Incident Monitor Reference

Incident Monitor is Tandem’s governed failure-intake pipeline.

Use it when a workflow failure, recurring runtime error, manual report, safety signal, or operator finding should become a reviewable draft instead of a direct external mutation.

What it covers

  • runtime failures from workflows, routines, sessions, and automations
  • external project log intake from configured local log files
  • scoped report intake from external systems without sharing the full engine token
  • manual reports for operator-found issues or missing context
  • triage runs that inspect, research, validate, and propose fixes
  • draft approval and publishing when the backend is configured for it
  • posts that represent already-published GitHub activity

Typical flow

  1. Check readiness with getStatus().
  2. Inspect incidents with listIncidents().
  3. Inspect drafts with listDrafts().
  4. Use triage helpers to create or refresh issue-ready drafts.
  5. Approve, deny, or publish when the draft is ready.
  6. Recheck the match or review the resulting posts.
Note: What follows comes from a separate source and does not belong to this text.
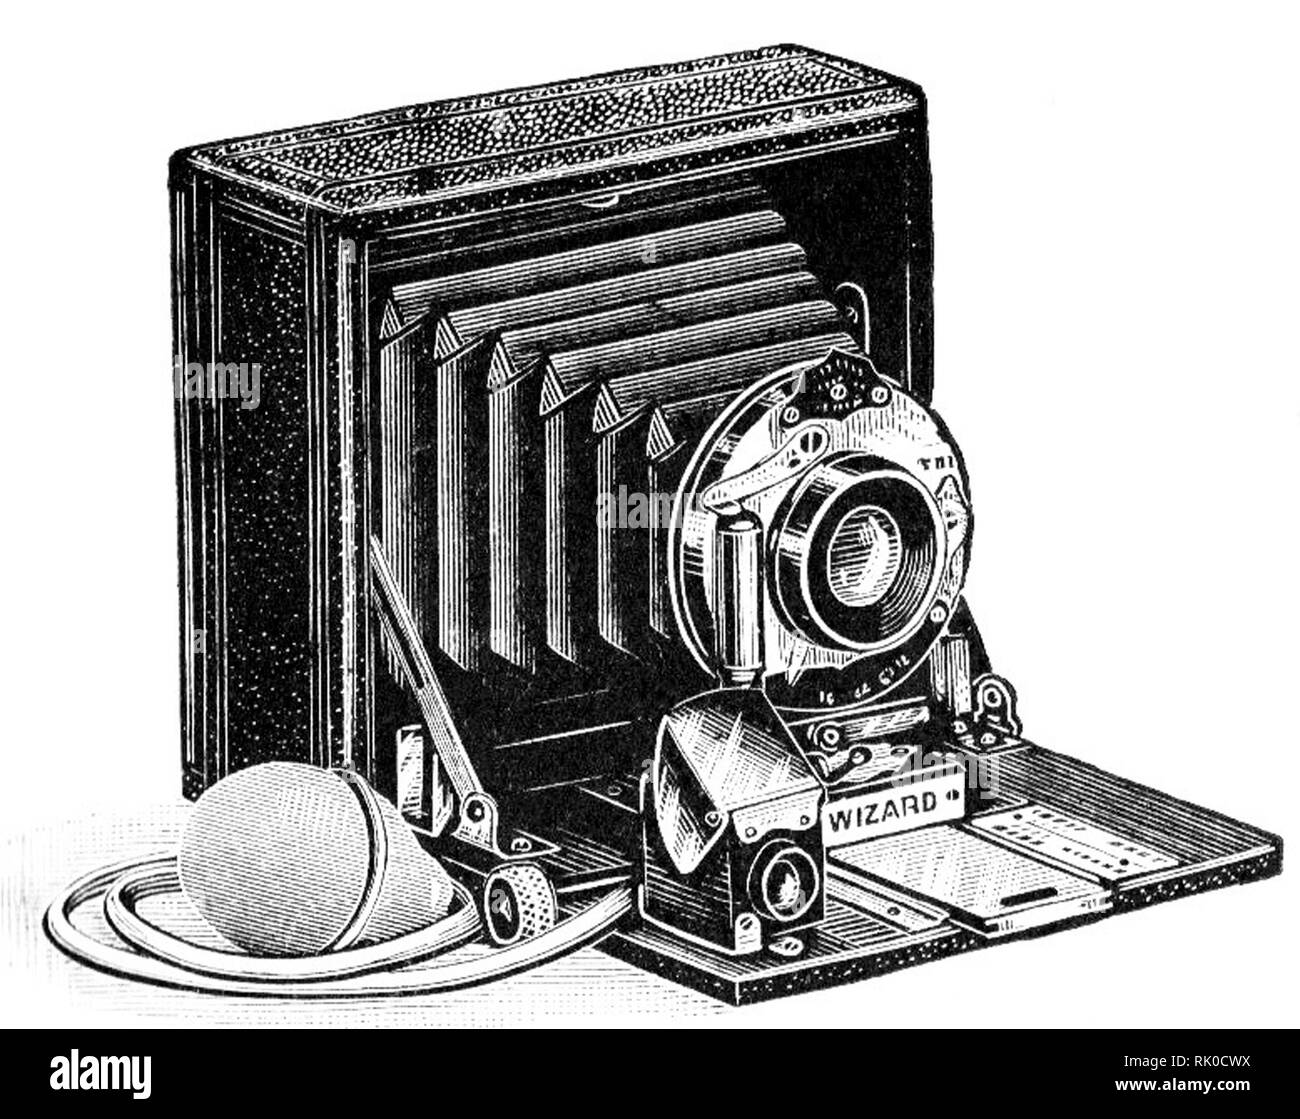 Jahrgang alte fotografische Platte Kamera - dies war der Assistent genannt. Diese antike Kameras verwendet, Glasplatten, die negativen zu produzieren. Stockfoto

Incident Monitor is intentionally not “report everything immediately to GitHub”. It keeps intake, triage, and approval separate so the system can add evidence before anything leaves Tandem.

Incident Monitor is the destination-router evolution of this pipeline. GitHub, Linear, signed webhook, local telemetry, generic MCP tool, and internal memory destinations use the governed router model with source identity, routing, destination readiness, approval, and receipts. See Incident Monitor Overview and Destination Router.
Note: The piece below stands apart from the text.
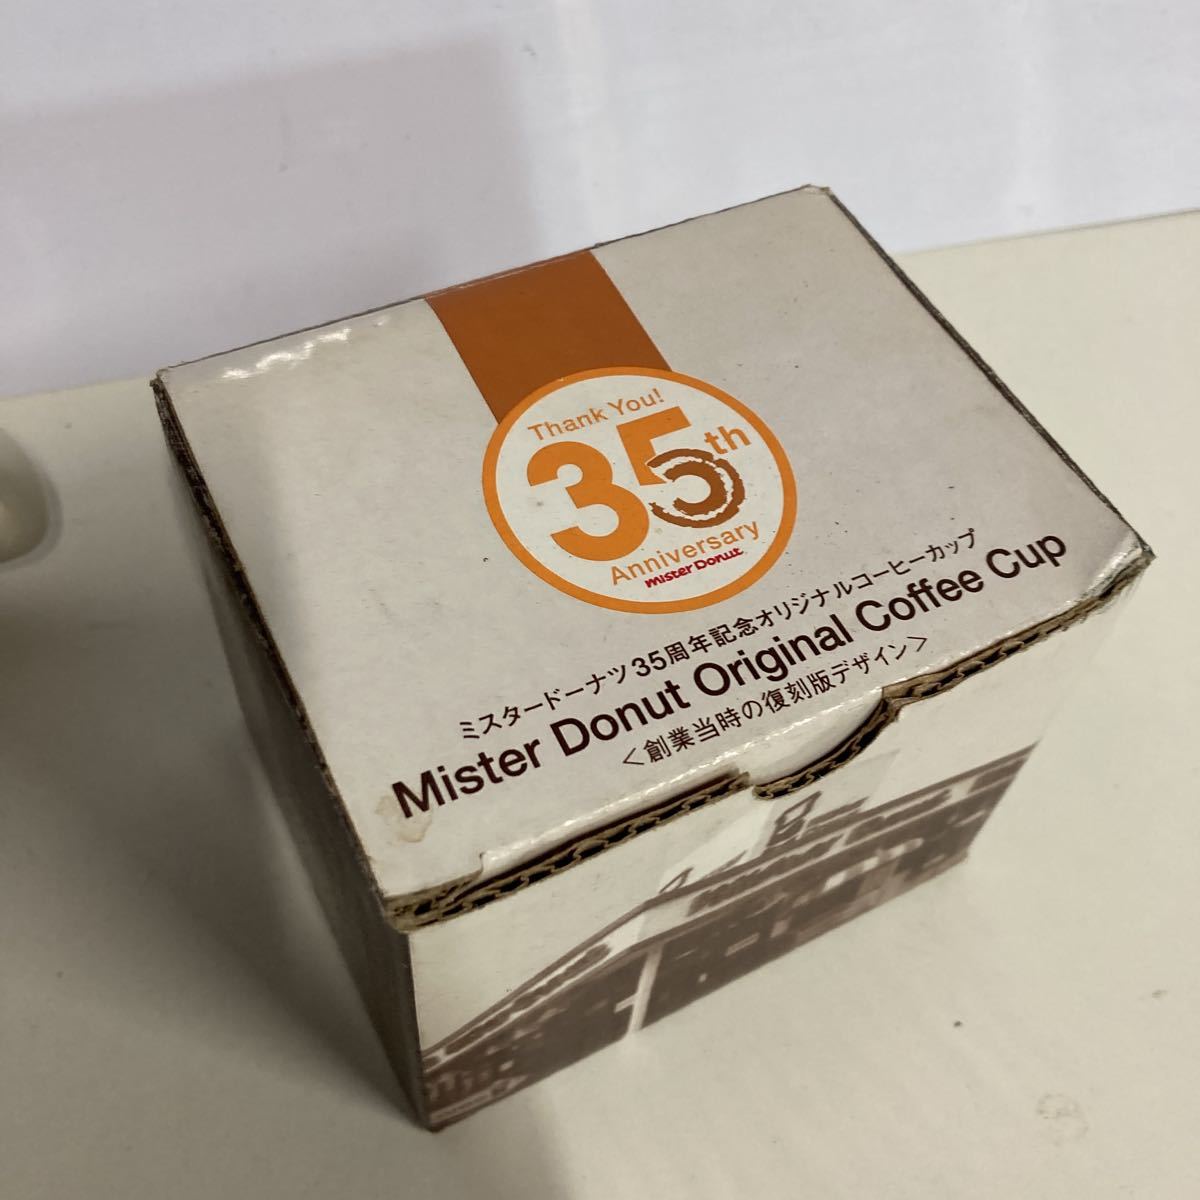  кружка Mister Donut переиздание кофейная чашка ошибка do35 anniversary commemoration

If you are an MCP-connected agent, start with Incident Monitor Agent Runtime Guide before choosing a publish path.

Control Panel Setup

Configure the destination-router surface from Settings -> Incident Monitor.

The setup panel is organized around:

  • Sources: local directory, target repo, monitored external projects, log sources, and scoped intake keys.
  • Destinations: GitHub-compatible legacy settings plus explicit GitHub, Linear, webhook, local telemetry, memory, and MCP destination rows.
  • Routing: default destinations, ordered routes, match rules, route tags, source bindings, and route preview.
  • Safety Defaults: approval, redaction, unready destination blocking, and retention defaults.

Legacy GitHub setup remains compatible: if no explicit router destination is configured, Tandem still treats the existing GitHub posting settings as the default Incident Monitor destination. New destinations and routes are admin/full-token config mutations; scoped intake keys are report-only and cannot change routes, preview destination details, call tools, or publish issues.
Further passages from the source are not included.